Wilkinson counseled camofleurs to study the natural world in order to devise the most effective principles to best accomplish their goals. The art on the right-hand page below was painted in 1907 by Abbott Thayer. As reproduced on the book’s page, it is virtually impossible to discern it is of a peacock. It put your commentator in mind of a modern-day artist who created her art in the “spirit of” Thayer and Dutch artist MC Escher but rather than featuring mainly geometric patterns, Bev Doolittle focused on nature and the natural world. We’ll show and tell you about her in a subsequent post.

Prior to the US joining the war, Britain had lost 20 percent of its merchant and war vessels to German U-boats. Along with adopting Razzle Dazzle, the USN also mandated other measures. Perhaps the most effective was to no longer permit ships to cross the seas individually. They traveled instead in convoys escorted by Navy destroyers. Other USN innovations included zigzagging—the entire convoy as one unit—in random patterns at random intervals. Smoke screening was also employed along with depth charging, and underwater listening. It all resulted in only 11 ships being lost, an 87 percent decrease from the time prior to USN-instituted practices and protocols. 

The page pair below is an example of one of several concluding chapters that tell of other aspects of USN activities such as the establishment of APO and FPO mailing addresses and deliveries, the types of cargo merchant ships being escorted carried, the establishment of the Navy Armed Guards on merchant vessels so they too could be armed, and more. 

There’s even a chapter, as you can see, telling of how airpower was used to spot and deal with U-boats.

Even as the US hoped to maintain its neutrality, prudent men in responsible positions were planning such that the build-up had begun prior to the US declaring war on 6 April 1917. It was just that planning that enabled the guns to go silent on 11 November of the following year.

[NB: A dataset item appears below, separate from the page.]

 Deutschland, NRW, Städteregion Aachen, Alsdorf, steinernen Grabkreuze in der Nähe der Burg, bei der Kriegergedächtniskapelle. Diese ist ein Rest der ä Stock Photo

The Navy’s effort which had cleared the way for 18,653 troopships and freighters to safely cross the oceans while American workers from every corner of the country had built ships, grew food and manufactured materials needed to achieve victory.

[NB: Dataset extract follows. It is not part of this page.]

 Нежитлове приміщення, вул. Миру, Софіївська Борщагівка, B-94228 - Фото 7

What became of razzle dazzle? “Advances, such as radar, sonar and optical range finding, rendered Razzle Dazzle largely obsolete” by the time of the next world war. However, your commentator is aware of one maritime museum with a WWII Razzle Dazzle-painted battleship open to visitors on self-guided or docent-led tours. It happens to be located in the same state as this book’s publisher albeit not in the same area for the publisher’s facilities are in the furthermost northwest corner of the state and the Battleship North Carolina is kitty-corner across the state in Wilmington on the coast on the southeast edge.

The question has been asked before: Why can’t history textbooks approved for use by students be written as interestingly and engagingly?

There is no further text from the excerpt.